J’ai souvent abordé dans mes écrits, et même très récemment, que tout se sait dans ce bas monde. Les informations circulent, les gens sont informés. Nous savons tout ou presque. Mais qu’en est-il de nos secrets les plus cachés, ceux que nous croyons inviolables ? Pensons-nous qu’en faisant du mal les choses resteraient éternellement cachées ? Ceux qui nous font du mal resteront-ils impunis ?

Il y a de nombreuses manières de faire du mal. La tromperie, le mensonge, les faux discours, le vol, le profit d’autrui, l’escroquerie, salir son prochain à des fins de détruire sa réputation… La liste est longue. Mais que croient ces gens ? Pensent-ils que leurs actes immondes ne seront jamais punis ? Prenons l’exemple simple de la tromperie dans un couple. L’auteur de la tromperie se sent certainement fort tant que les choses restent cachées. Il joue avec l’autre, avec ses sentiments. Il se croit intouchable. Jusqu’au jour où, malheur pour lui, il se fait découvrir. Et là, comme par enchantement, son attitude change, il revient vers de meilleurs sentiments, se culpabilise, regrette. Mais ses regrets sont-ils sincères ou sont-ils forcés ? Lui seul le sait. Quant à celui qui passe au travers et ne se fait jamais prendre, il garde sa suffisance et son sentiment d’invulnérabilité jusqu’à sa mort.

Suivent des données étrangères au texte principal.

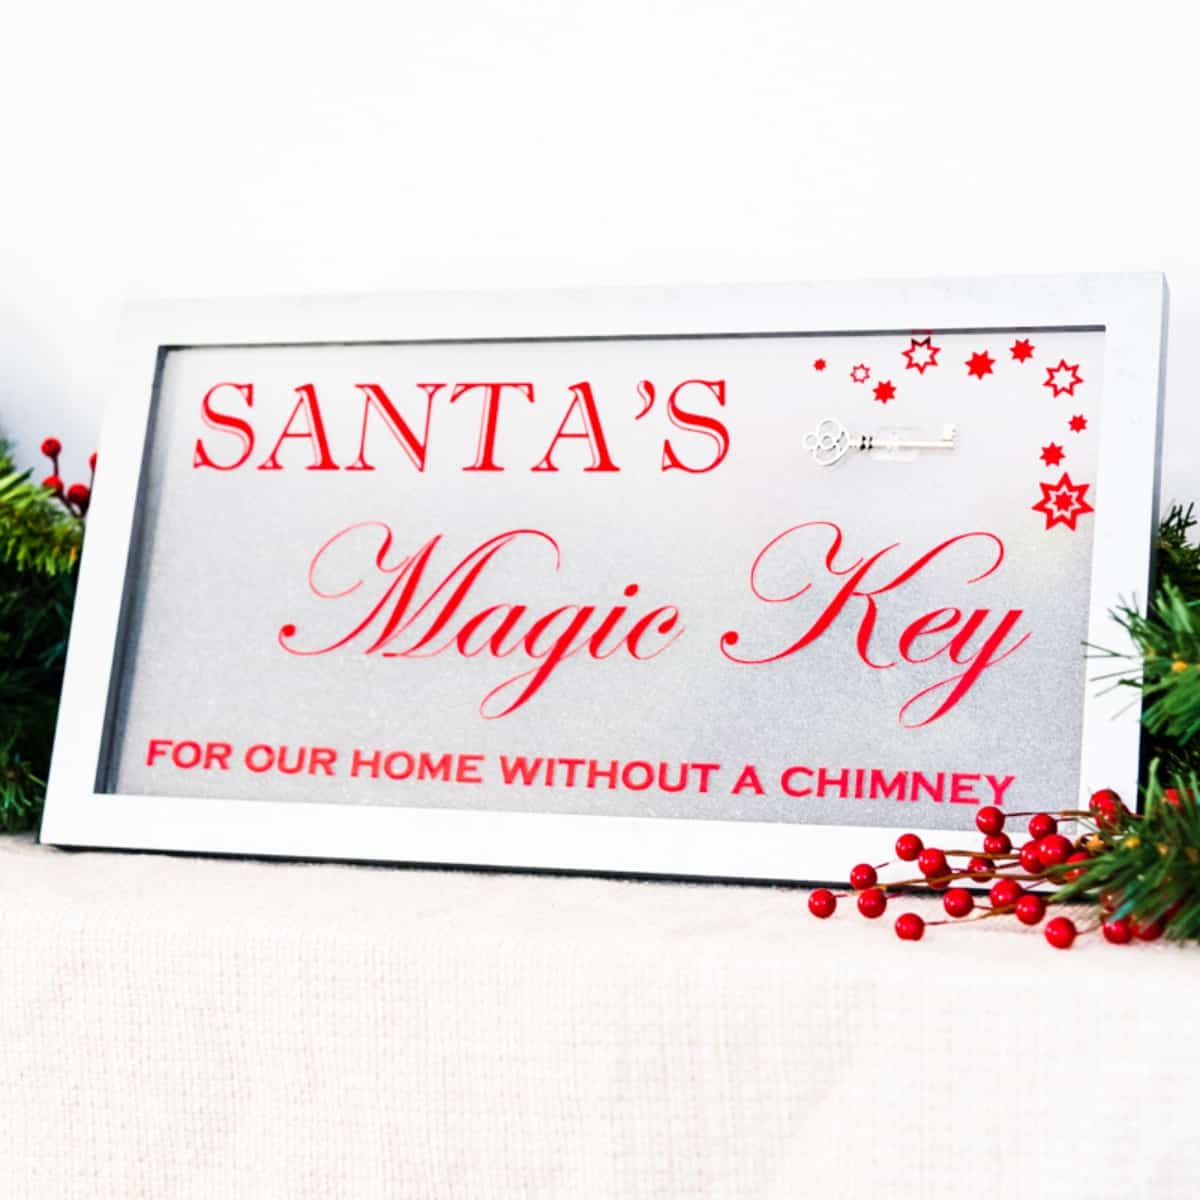 Santa's Magic Key sign surrounded by holiday garland

La question ici n’est pas vraiment de savoir qui est le plus à plaindre : celui qui est découvert ou celui qui continue à vivre dans ses mensonges. La question est de savoir de qui on se moque vraiment ? Pensons-nous que tout reste indéfiniment caché et qu’il n’y a aucune conséquence à nos actes ? Rappelons que Dieu, lui, voit tout, entend tout et comprend tout. Les mensonges les plus cachés, Il les connaît. Les faux repentants, Il les démasque. Si donc nous croyons abuser les autres, quel que soit le mal qu’on ait pu faire, souvenons-nous que nous sommes observés, même dans le noir le plus total.

Tout se sait, tout finit par se savoir, tout vient à la lumière et tout finit par être découvert. Ceux qui pensent le contraire se leurrent et le paieront cher. Tôt ou tard.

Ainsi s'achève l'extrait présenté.